Alright, so here's the deal - I have an osteopath I see on a monthly basis for injections and adjustements, plus a rheumatologist that I see every 3 - 6 months. The osteopath is great, but the rheumatologist is quick to brush things off and as I said (or maybe I didn't) recently mentioned WLS to me. 

You're right, I've got a kid I'm caring for and I need to be well for him. I am obviously living in fear and am mentally screwed up. That I will admit to. I had an ear infection a few months ago and waited a week to go to the ER, but I finally bit the bullet and it wasn't nearly as bad as I thought it would be. I was in and out. With this situation I don't think I would be.

I *do* have nerve damage, and bad joints. I've got herniated discs and four pinched nerves in various spots - two in the back, one in each foot (tarsal tunnel). Also, I have osteoarthritis in my knees, but in one knee more than the other due to an injury sustained when I was a teen. The worst of all of the problems I have is rheumatoid arthritis. AS I said, my rheumatologist just tends to not believe me when I bring up my pain issues, etc. She's brushed me off before and i'm sure she'll do it again. I am getting a new doctor but it will take months for my first appointment (already scheduled though). I am going to ask for a referral to a new rheumatologist at that time. 

My father passed away recently so my last trips to the hospital (prior to the ear infection) were very traumatic for me. I knew going to the hospital would be a painful experience after that and I should've learned my lesson from what happened to my father. I'm like him - he was always very strong-willed.
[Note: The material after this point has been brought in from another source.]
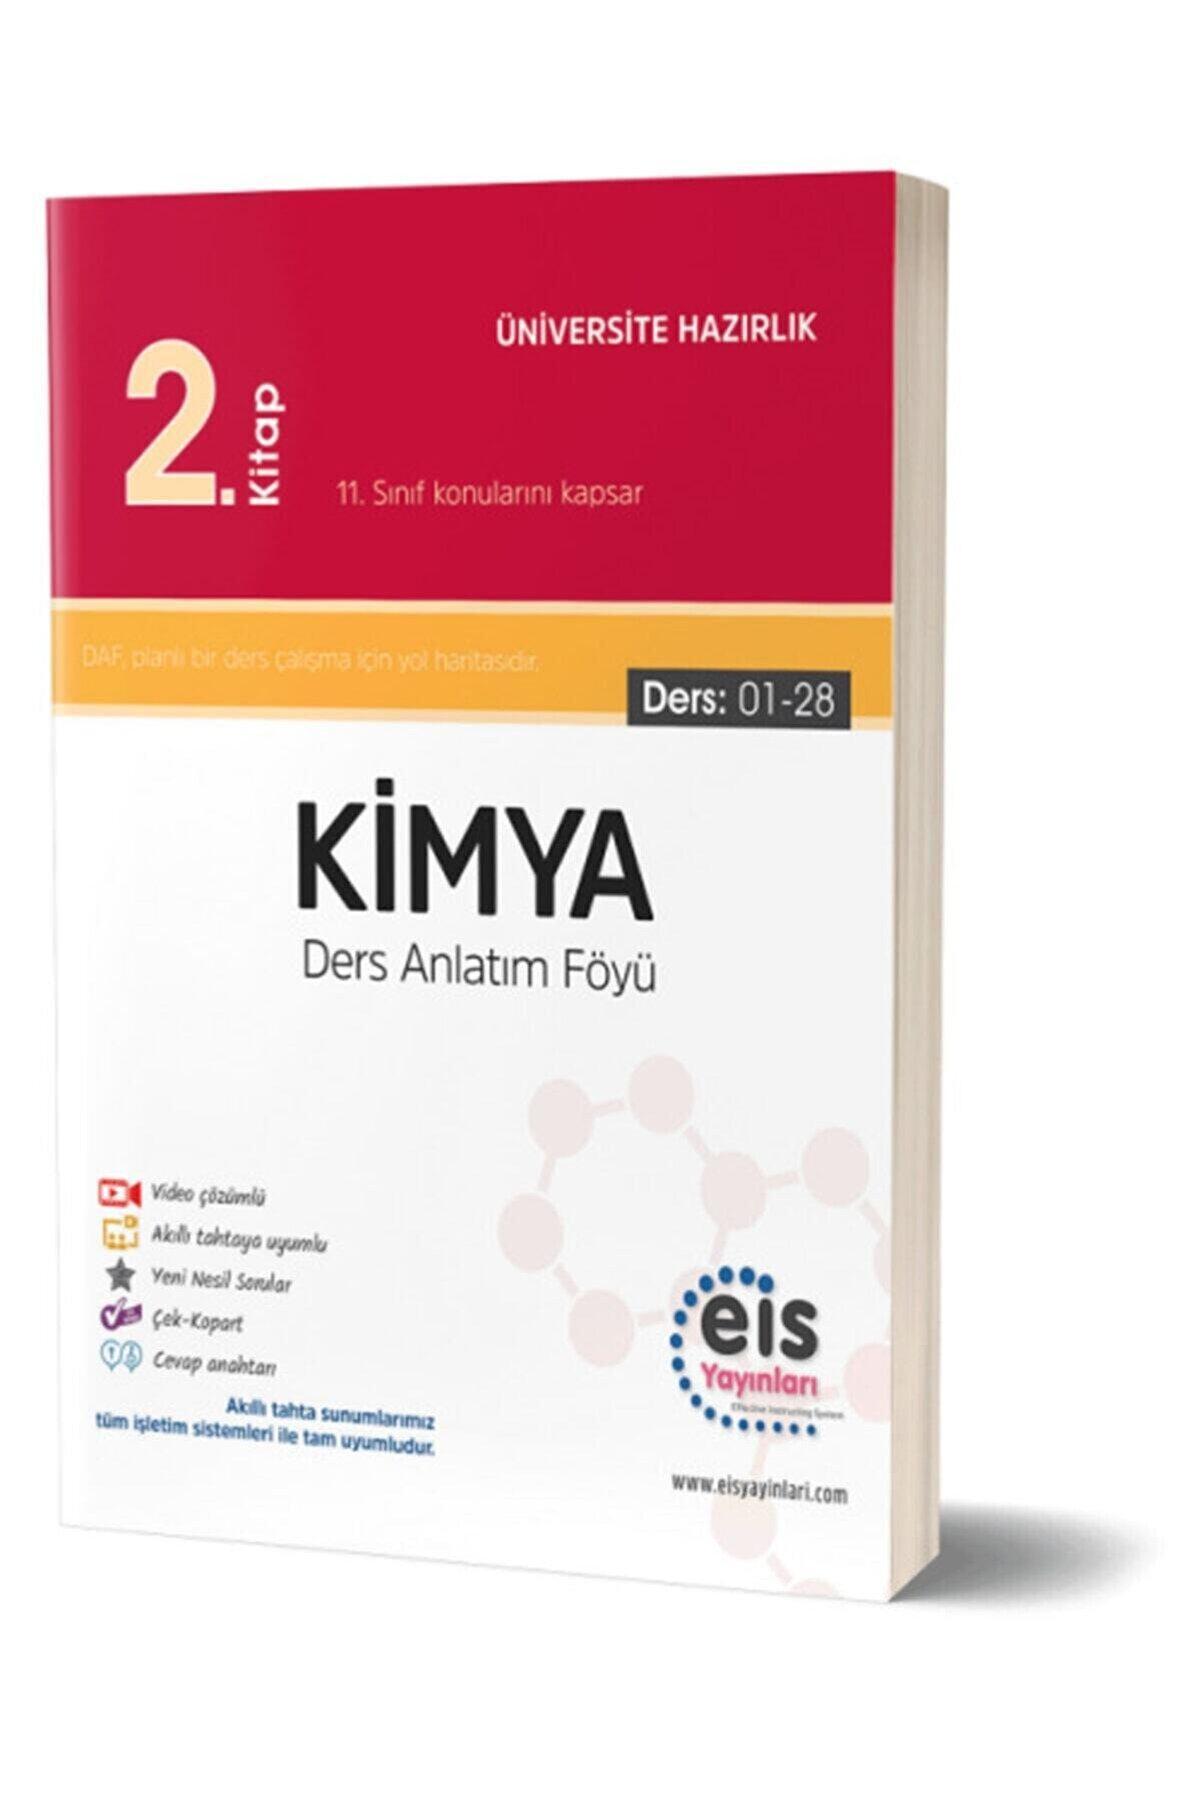 Eis Yayınları Eis Tyt Ayt Kimya Ders Anlatım Föyü Daf 2.kitap

Even when he was in bed dying at his home he thought it was part of his illness to be in severe pain, unable to move, etc. He waited a little too long to go to the hospital and three days after he was first admitted to the ICU, my family gathered around his death bed...and made the decision to end his suffering because he had no chance of survival anyway. So there are some very fresh (mental) wounds there and I'm so much like my father it scares me. 

I'm aware that this sounds screwed up, so I'm sorry to have bothered people for advice, but I do appreciate it. I have no idea how to balance being a "mom" while being disabled. I didn't think that this could or would happen to me and tomorrow I have a million things to do. My foster son's birthday is this week and I have promised him that I will be better by then so that we can do the things we've planned. Which means tomorrow I am going to the hospital. I don't want to have to go, I really don't...but rest isn't helping, nothing is. 

I am just very afraid that they will do little to nothing for me, because I'm on so many heavy meds right now. I hope they would possibly x-ray areas that might be injured...maybe they would give me a shot of muscle relaxant in my back so I could move again. I'm also afraid they are going to tell me to rest, and I've barely been able to do that lately. 

God help me! 



SamanthaNY said:


> Three things occur to me after reading your post:
> 
> First, I'm sorry that you're suffering with this pain. I hate the fact that you wake up fearing the day because of the pain you're enduring.
> 
> ...


----------



## Celestial Ceece (Mar 15, 2009)

You're absolutely right (and so is everyone else who has posted). I know that it can't get any worse than this...wait, I shouldn't say that, because I've said it before and it *has* gotten worse. Like God was laughing at me or something. After all, my father died, and nobody was ready to let him go...I don't think he really wanted to go either. His last words to my brother and my grandmother were, "I'm not going anywhere right now." Maybe that's the worst it can get - I haven't quite figured it out. 

I have to go to town tomorrow, where the emergency room is located. And after I run my errands (that is if i can do them at all) I am going to the ER. Of course, if I can't run the errands, then the ER will be destination number one. Because, as you've said, my body just isn't going to heal on its own so now is the time to seek outside help. 

I think I should go lay down for a while but I appreciate the honesty of everyone here, and thank you for your help! 

BTW I see an osteopath instead of a chiro, because my insurance (state/federal) recently stopped covering chiro appointments - and the osteopath does hands-on adjustments and injections and is very gentle with me. He considers all of my conditions and has never, ever mentioned my weight (unless I've brought it up). 

THANKS EVERYONE! I will post here tomorrow or the following day, depending on what happens, with an update on my condition (for those who care).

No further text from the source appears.